Для него утрата друга была самой большой болью в жизни. Шемякин говорил: «Потерять такого человека – такого живого, самого остроумного, самого безумного, самого близкого!.. Вот так, как иногда в детстве мы ловим маленьких рыбок: набираешь – счастье! – а они ускользают… Вовка взял – и ускользнул. Нечестно, нечестно! Обманул меня!..»
Напрасно их общий с Высоцким приятель пытался утешить: «Миша, не расстраивайся – красивые люди должны уходить молодыми!»
«По православному обычаю мы поминали Володю на девятый день, – рассказывал польский актер Даниэль Ольбрыхский. – В русской церкви в центре Парижа шла служба. Миша Шемякин во время панихиды распластался на полу, раскинув руки, и рыдал во весь голос, заглушая стенаниями пение хора. Из церкви поехали в его странную квартиру-студию у Лувра: сестры Поляковы, Шемякин с женой и дочкой и я. Стиль жилища напоминал старую Россию, этот же аромат я ощущал в старых квартирах московских друзей. Обилие икон, приглушенный свет, как на русских полотнах ХIХ века. На столе, как положено, любимая еда Володи: селедка, водочка, икра, огурчики. На горячее – борщ и бефстроганов с гречневой кашей. И пустая рюмка с тарелкой… Помянув друга и утерев слезу, мы стали вспоминать веселые истории, которые с нами происходили…»
В своей мастерской Шемякин обнаружил среди бумаг стихотворную записку от друга:
Справа на листке было посвящение: «Михаилу Шемякину, чьим другом посчастливилось быть мне!» Прочел, подумал и вслух произнес: «Судьба облагодетельствовала меня – дружба с гением выпадает не всякому».
После 1980 года Шемякин решил перебраться в Америку. Когда он впервые побывал в Нью-Йорке, то был ошеломлен мегаполисом, понял, что, как художнику, ему на данном этапе необходим именно этот город с его ритмом, с его размахом. Плюс ко всему, рассказывал он, когда на Францию стал надвигаться Миттеран со своими социалистами, то уже, как говорится, пуганая ворона куста боится. Не мешкая, погрузил багаж на корабль и отбыл за океан. Шемякин любил цитировать де Голля, который говорил: «Люблю Францию, но ненавижу французов». Правда, уточнял: «Я бы не сказал этого про всех французов. Я 10 лет прожил в Париже и очень его люблю, но терпеть не могу парижан. Русским трудно контактировать с французами – хотя они приветливые, может, даже чересчур… С американцами проще».
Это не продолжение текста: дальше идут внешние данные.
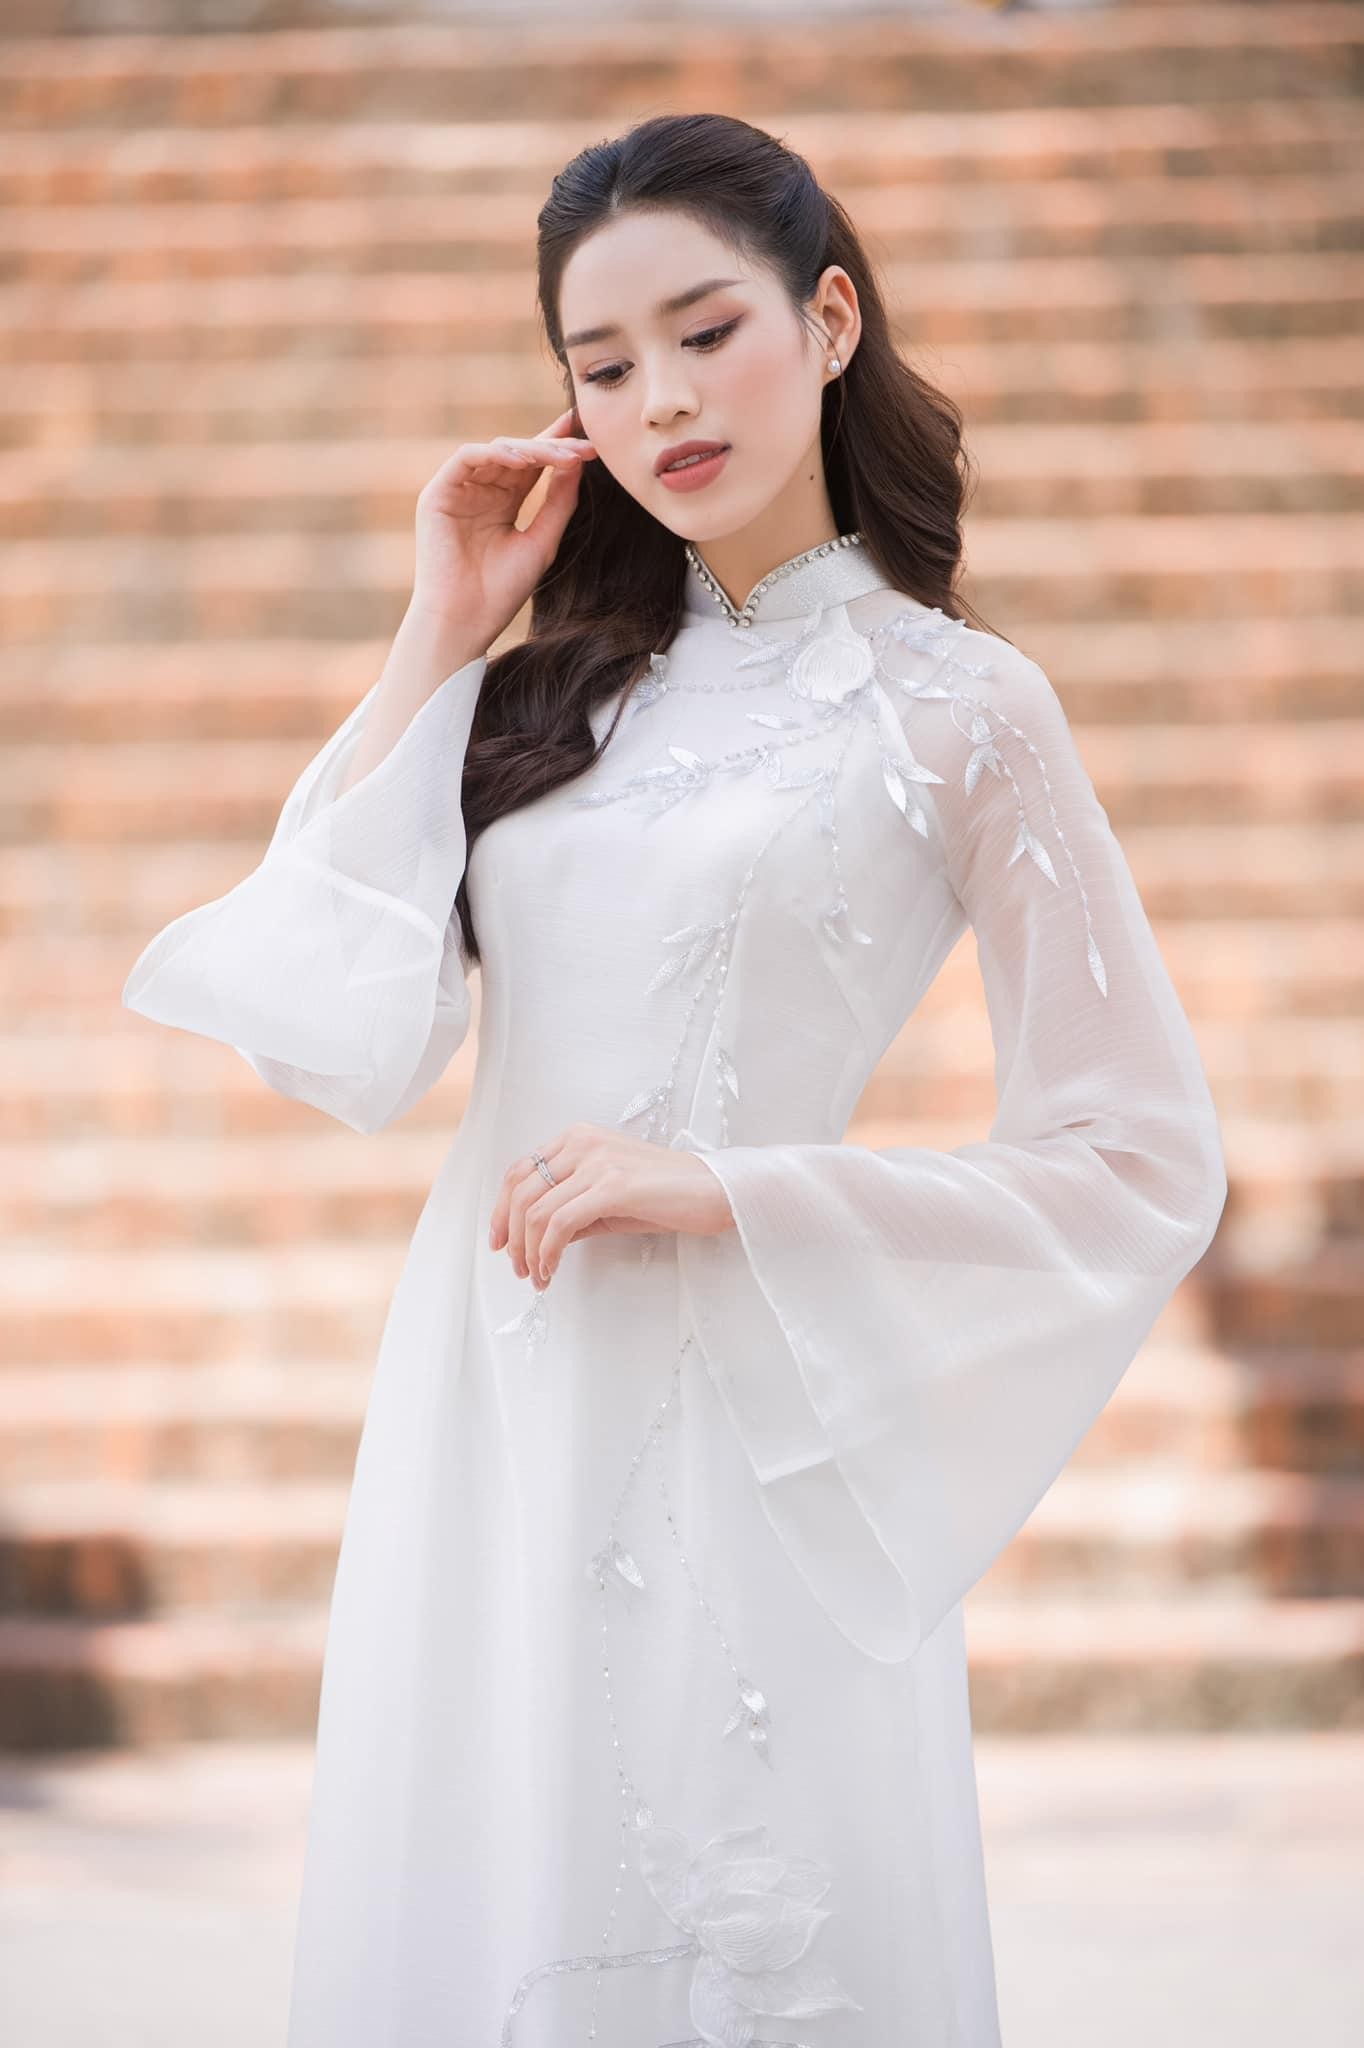 Hoa hậu Đỗ Thị Hà đẹp thuần khiết với áo dài trắng - Ảnh 1.
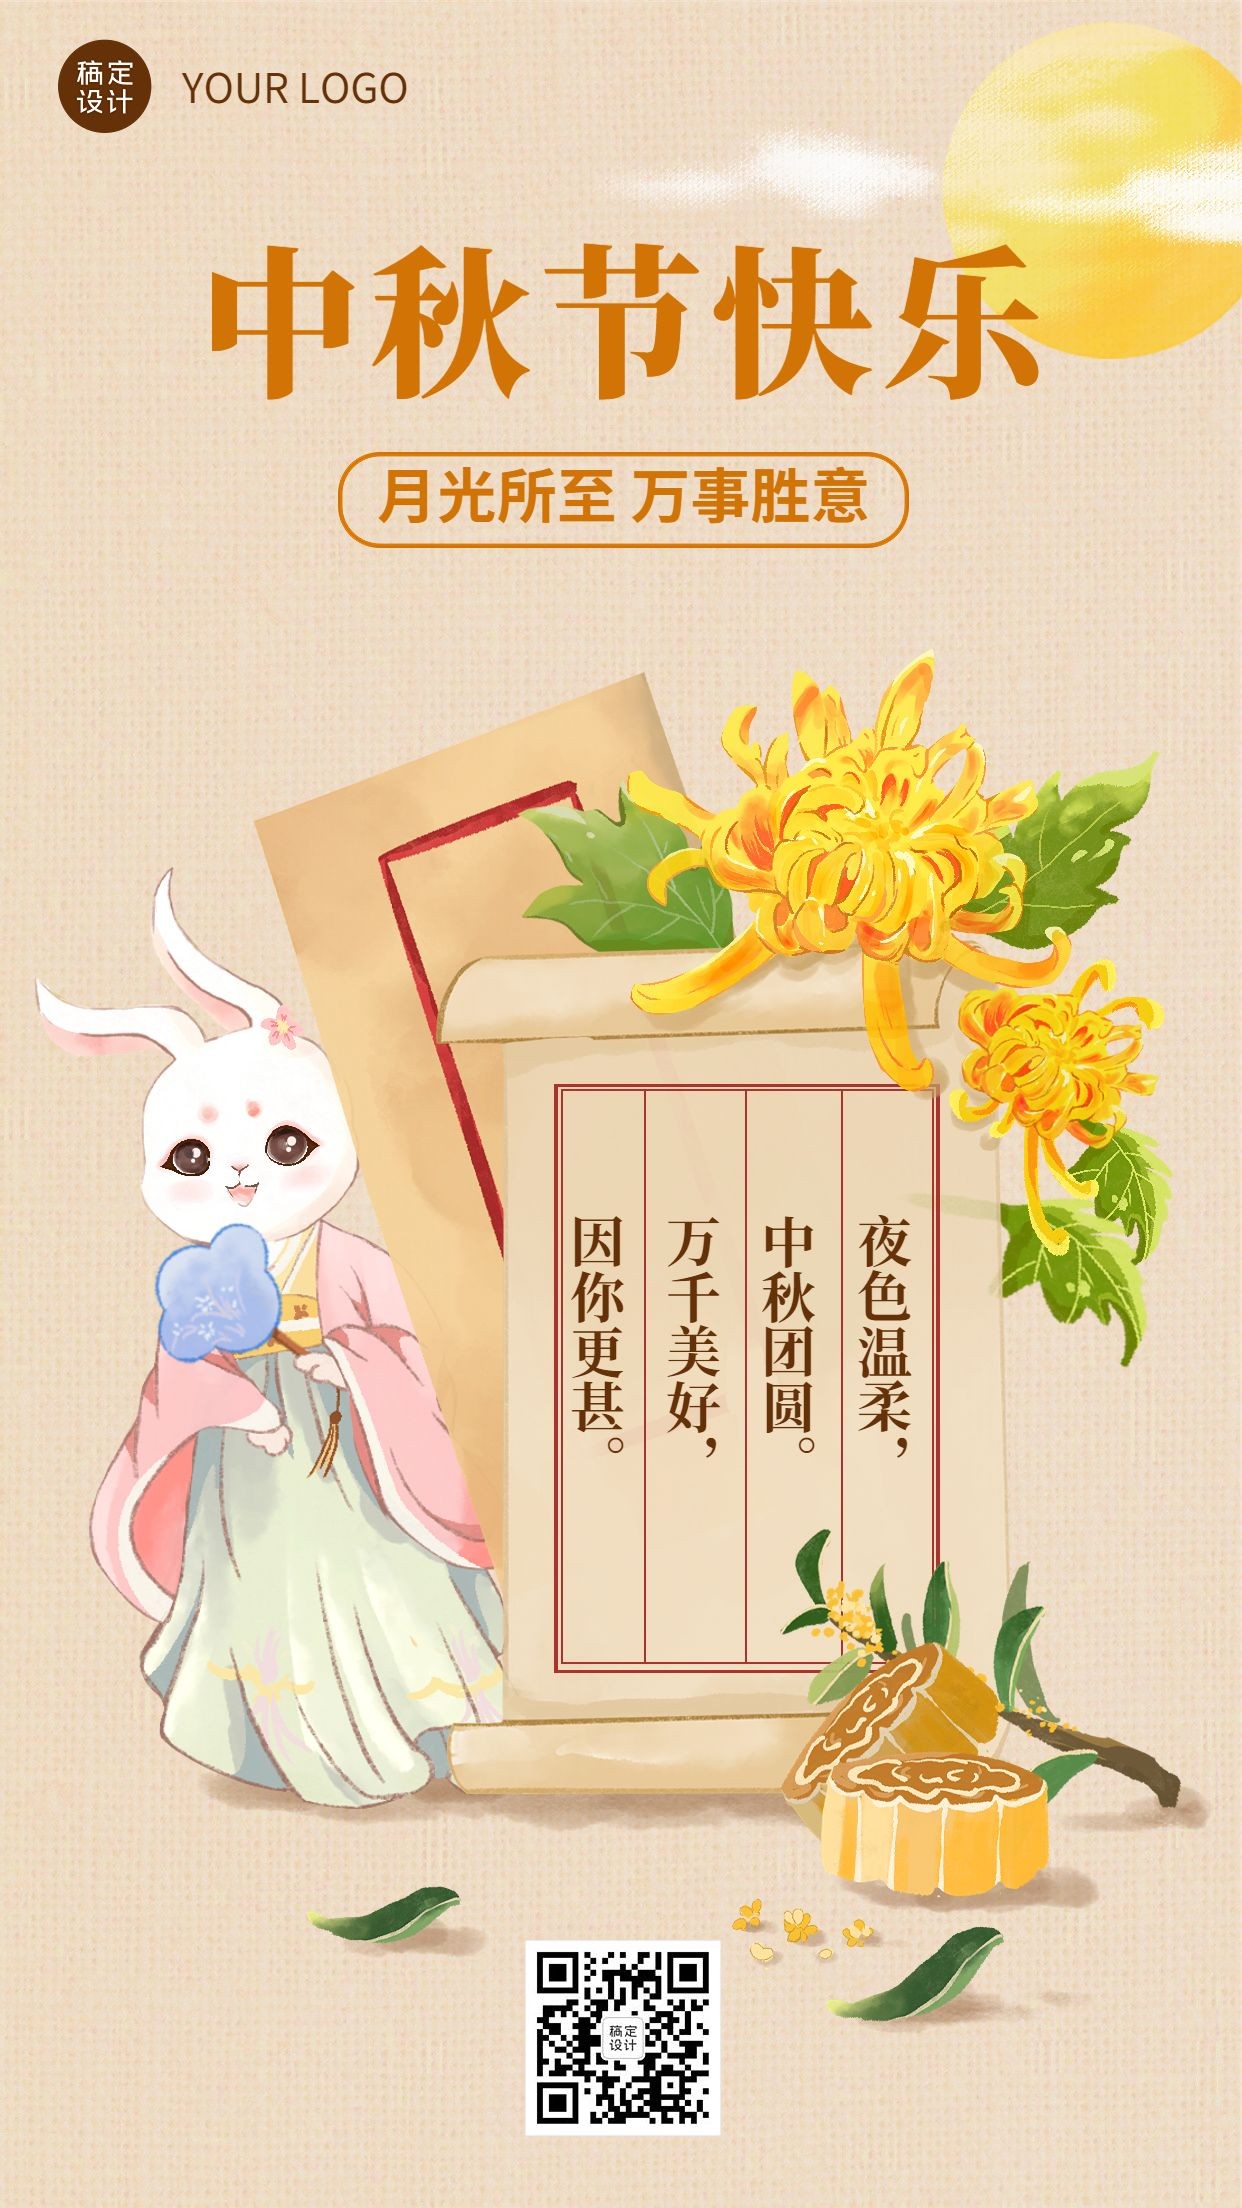 中秋节节日祝福电子贺卡插画手机海报预览效果

Марина Влади, правда, была уверена, что Шемякин покинул Францию из-за проблем с налоговыми службами. Он уехал один, ни Ревекка, ни дочь не захотели покидать Старый Свет.
Первые годы своей американской биографии Шемякин жил в районе Сохо, где была относительно невысока арендная плата за жилье. Только по вечерам там без ножа и бейсбольной биты под мышкой на улицу лучше было не выходить. Но ничего.
А потом времена изменились. В середине 80-х итальянская мафия скупила все здания бывших фабрик в округе. Уголовники-беспредельщики, «ангелы ада» покинули Сохо, и район стал одним из самых фешенебельных в Нью-Йорке. Шемякину пришлось подыскивать более скромное пристанище. Таковым оказалось местечко под названием Клаверак (Клеверное поле), где находился заброшенный замок. Еще мальчишкой Миша зачитывался Вашингтоном Ирвингом. Как-то ему приснился очень необычный пейзаж, силуэт каких-то гор. Сон этот утром он зарисовал. А когда подыскивал себе участок земли в Америке, обнаружил, что находится в месте, которое почти совпадает с его детским рисунком. Оказалось, что Клаверак основали голландские поселенцы, и Ирвинг именно там писал о Рип ван Винкле. Не мистика ли?!
Четыре года новый домовладелец потратил на очистку территории и ремонт здания. С удовольствием занимался обустройством. Любил похвастать: «С моим глазом нам удается покупать совершенно недорогие вещи, которые являют собой эстетическую ценность». Купил на дешевом аукционе часть имущества Хемингуэя: ящики с какими-то книгами, среди которых, как ни странно, были и русские. Лежали там и пластинки, квитанции из прачечной с автографом Хемингуэя. Шемякину нравилось пить чай за столом, за которым работал прославленный писатель. Стол был красивый, антикварный, из Испании – правда, треснутый, весь в пятнах, но зато освященный «папой Хэмом»…
Своих гостей хозяин принимал, как правило, облаченным в фирменный черный френч и битниковскую фуражку, восседая на высоком троне. А под ногами в неизменных сапогах не прекращалось обычное коловращение кошачьего племени и мокрое тыканье в колени диковинных псин. Клаверак был собственным царством-государством Шемякина-Карданова.